The NetworkAnalyzer class should also manage partial analysis results in case of errors and provide fallback strategies when possible, such as using DOM-based scraping if API calls are not accessible or vice versa.

2.3.1.4. Interaction with Other Components

The NetworkAnalyzer class will interact with other components of the website_analysis module, such as the DomAnalyzer class, to provide a comprehensive analysis of the website structure. The results from both network traffic analysis and DOM analysis will be combined to generate a complete set of information required for scraper generation and data extraction.

2.4. Scraper Generation

The Scraper Generation component will be organized into a module with a primary class responsible for generating the scraper code based on the results of the Website Structure Analysis. Helper functions can be included to support different programming languages and scraping libraries.

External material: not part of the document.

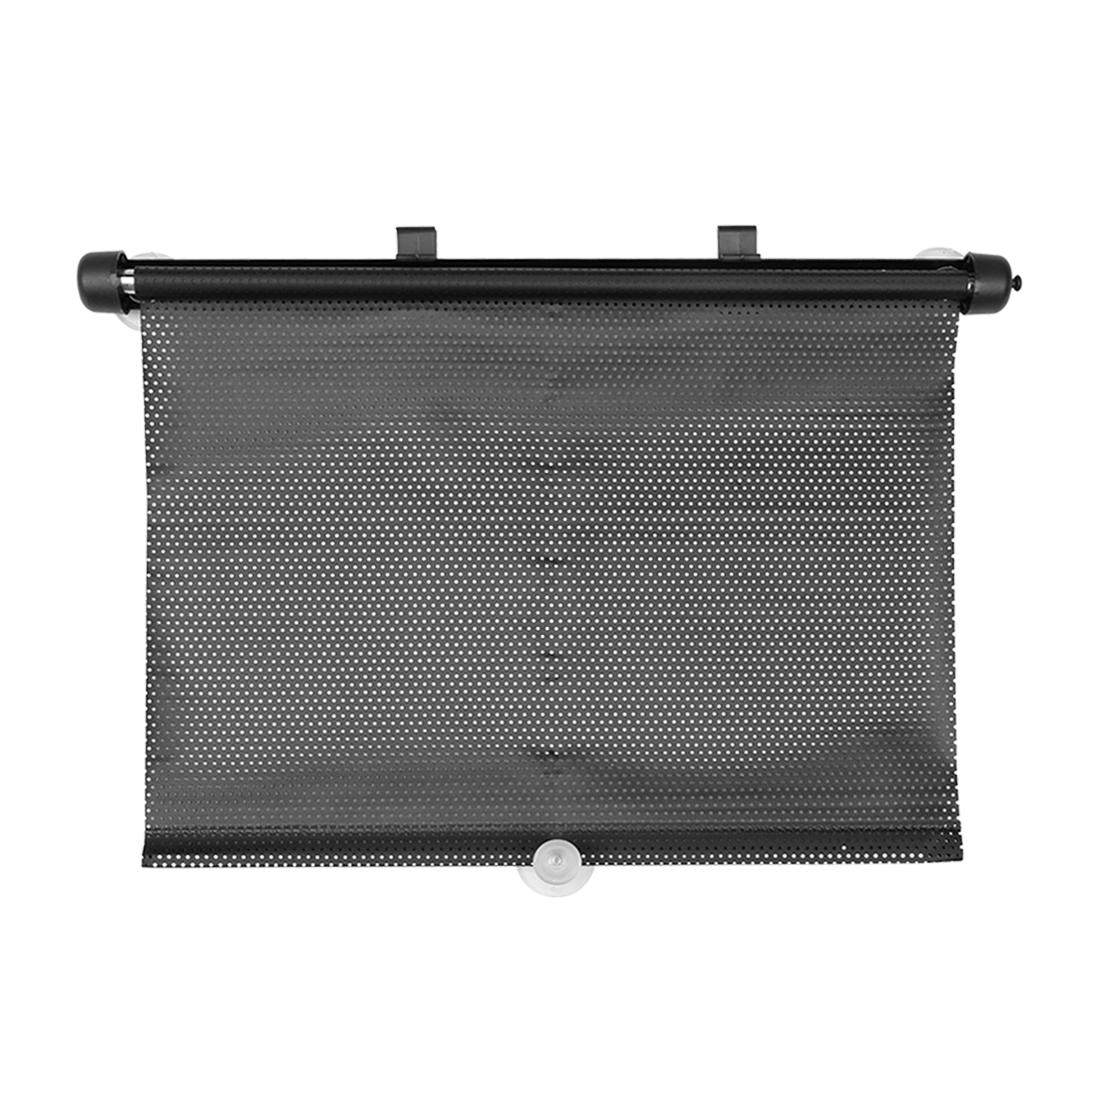 47cm x 36cm Mesh Design Front Rear Window Moount Sun Shield Black Pair for Car

  • Input: Website structure analysis results and user requirements
  • Output: Generated scraper code

Depending on the target programming language, different libraries like Scrapy (Python) or HtmlUnit (Java) can be used for generating the scraper code. This component should handle errors related to unsupported programming languages or scraping libraries and should provide informative error messages to guide the user. It should also validate the generated code to ensure its correctness.

2.5. Data Extraction

The Data Extraction component will be organized into a module with a primary class responsible for executing the generated scraper and extracting the data from the target website.

  • Input: Generated scraper code and target URL
  • Output: Extracted data in a structured format (e.g., JSON, CSV)

The generated scraper will utilize the chosen scraping library to extract data from the target website. The Data Extraction component should handle various types of websites and content, such as AJAX requests, iframes, and nested structures. Additionally, it should manage error handling, timeouts, and rate limits to ensure smooth and efficient data extraction. It should provide informative error messages, implement retries when appropriate, and consider using proxies or other techniques to bypass anti-scraping measures.

2.6 GPT Interaction

Module Objective

The GPT Interaction module aims to provide a structured way to interact with GPT models for various tasks within the Universal Web Scraper. It includes a base class for handling generic GPT interactions, and subclasses for specific use cases like network analysis and user requirements gathering.

Input and Output

  • Input : Task-specific prompts and parameters for GPT model calls.
  • Output : Processed responses from the GPT model, formatted according to the specific use case.

Classes and Methods

  1. GPTInteraction (base class)
  • _set_params(): Sets GPT model parameters.
  • call(): Calls the GPT model with an instruction and value, returning the processed response.
  1. NetworkAnalysisGPT (subclass)
  • process_network_analysis_data(): Processes network analysis data using the GPT model and returns the formatted results.
  1. UserRequirementsGPT (subclass)
  • gather_user_requirements(): Gathers user requirements by processing natural language inputs and returns them in a predetermined format.

Integration with Other Components

The GPT Interaction module will be utilized by other components within the Universal Web Scraper system:

  • The NetworkAnalyzer class in the Website Structure Analysis component can leverage the NetworkAnalysisGPT subclass to analyze API calls.
  • The User Requirements Gathering component can utilize the UserRequirementsGPT subclass to transform user requirements expressed in natural language into predetermined formats.